Der französische Jazzgitarrist David Chevallier entwickelte dieses Projekt ausgehend von den Liedern John Dowlands und erschuf dazu eigene und eigenwillige instrumentale Begleitungen und Improvisationen für Gitarre und Theorbe, die den altbekannten Songs einen neuen und ungehörten Klang und Ausdruck verleihen.

„[…] Von John Dowlands Songs ausgehend und inspiriert, schafft [David Chevallier] mit seinen Arrangements beinahe spielerisch eine Verbindung zwischen Renaissance und Jazz. Auch das ist Crossover, jedoch auf eine völlig andere Art als es L’Arpeggiata mit Purcell gehalten hat. David Chevallier geht viel radikaler vor, verändert den Klang völlig. Und doch sind die Kompositionen Dowlands noch immer vorhanden, deutlich erkennbar, in einer ungemein spannenden Klangwolke changierend.
Nun mag der Purist, aus durchaus nachzuvollziehender Haltung, mit dieser Interpretation wenig anzufangen wissen. Hat man jedoch eine gewisse Affinität zu beiden „Welten“, der des Jazz und der der Renaissancemusik, dann kann man nicht anders als beifällig nicken.  Dowland bleibt Dowland, die neue Klangwelt scheint mir mehr ein Rahmen, denn eine Übermalung zu sein. Kongenial nennt man das und das meint, dass das Werk Dowlands nicht verfälscht, die Haltung des Komponisten nicht missverstanden wird – eher das Gegenteil ist hier der Fall.

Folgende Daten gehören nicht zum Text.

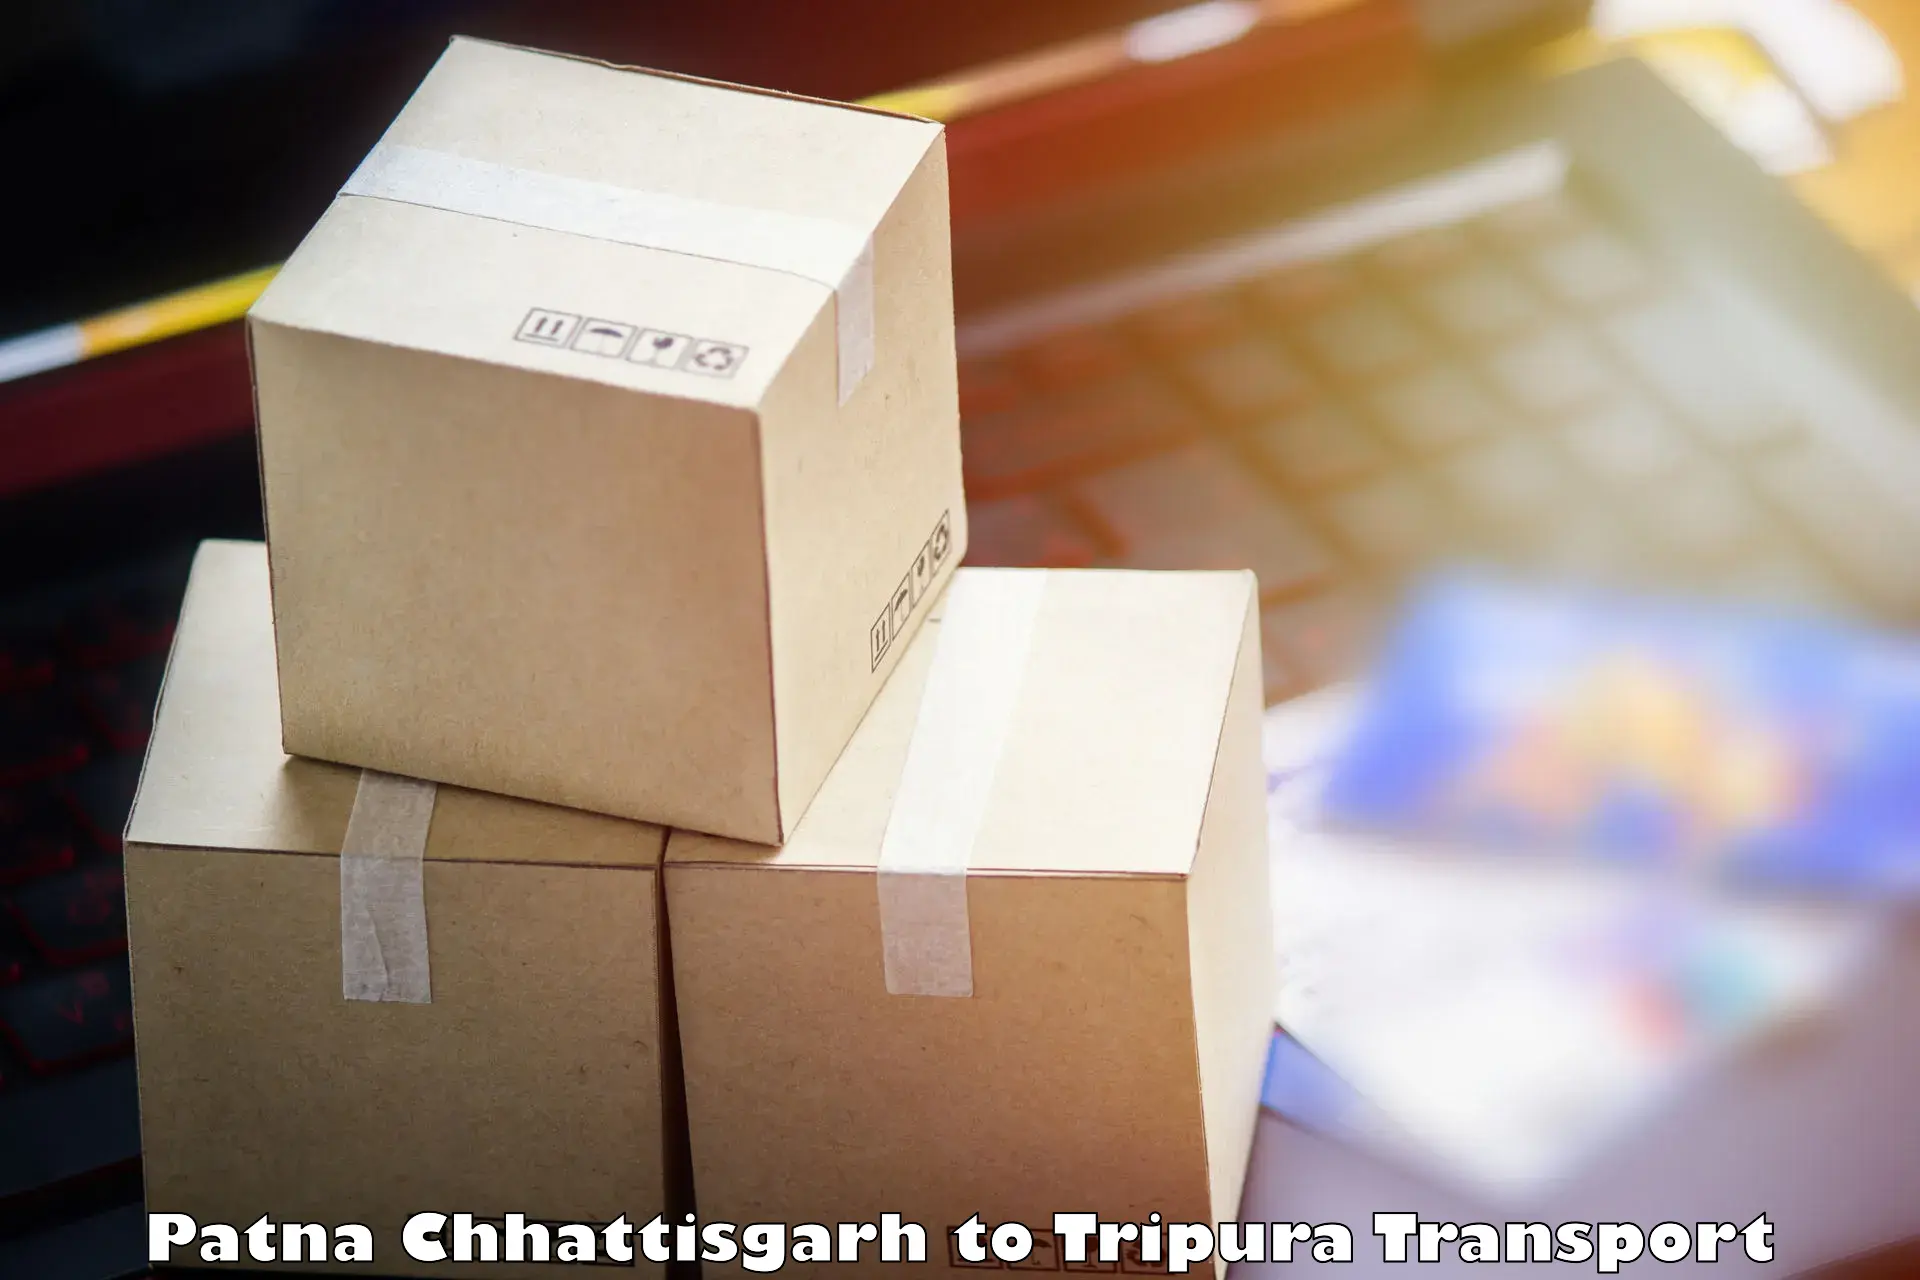 Furniture transport service Patna Chhattisgarh to Dharmanagar
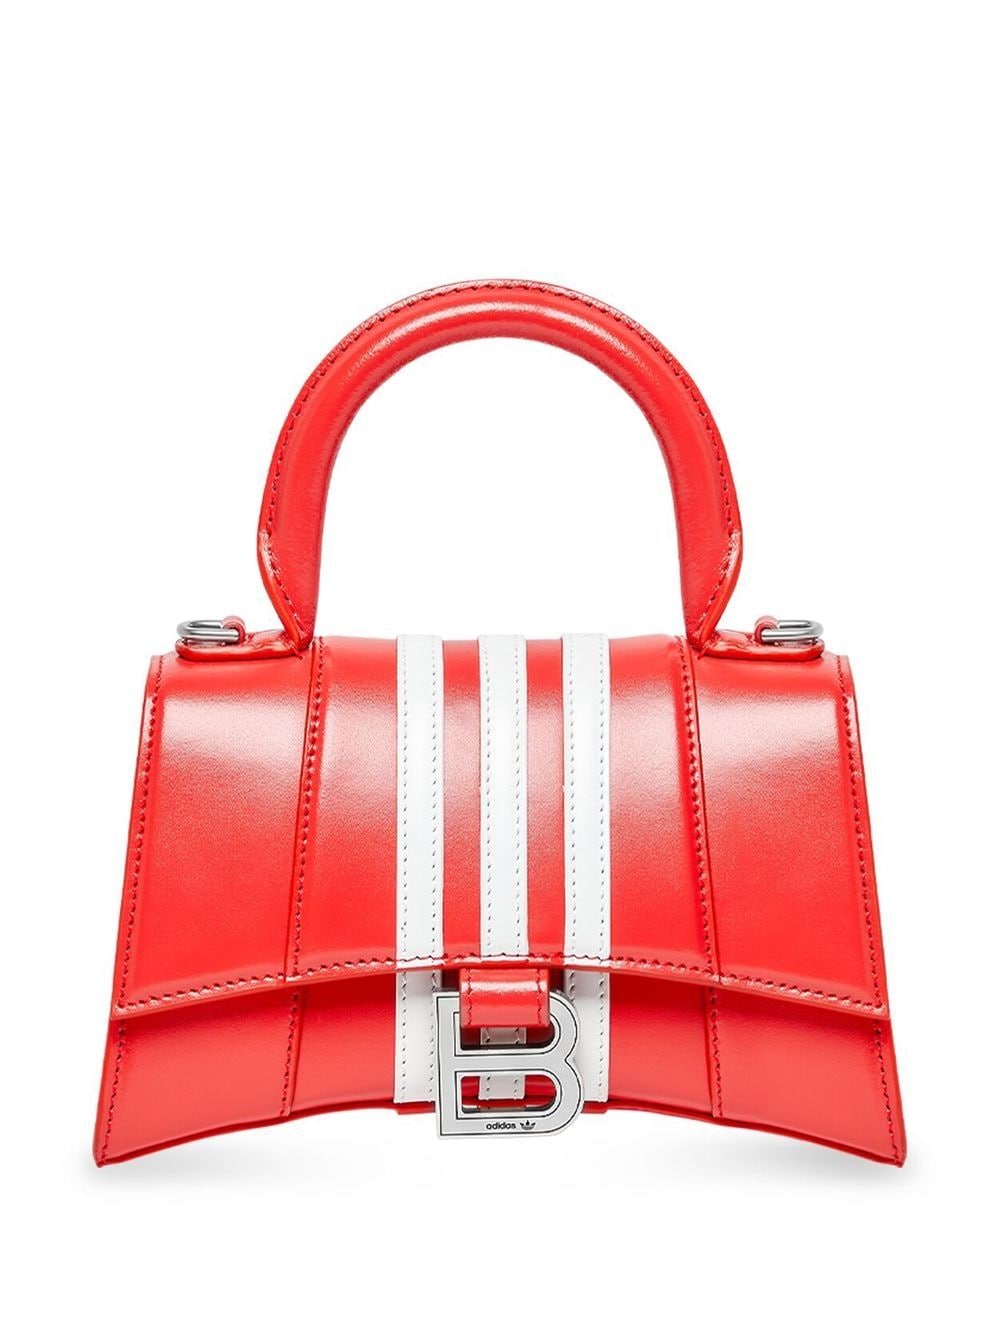 Balenciaga x adidas XS Hourglass mini bag - Red

Es scheint gar als habe Dowland dies herausgefordert, genau dies gewollt. Drei Musiker, so inspiriert wie genial, musizieren atemberaubend spannend: Anne Magouet (Sopran), David Chevallier (Gitarre, Theorbe), Bruno Helstroffer (Theorbe). Das Experiment, so dies eines ist, ist auf jeden Fall gelungen. Ich für meinen Teil sehe diese Interpretation weit höher als nur experimentell an – der uralten Tradition der freien Improvisation folgend, haben hier die Ausführenden etwas ganz Besonderes geschaffen, welches geradezu Prämien und Ehrungen herausfordert.
Mehr Licht, rief Goethe. Ich jedoch rufe: Mehr von diesen neuen Klangerlebnissen!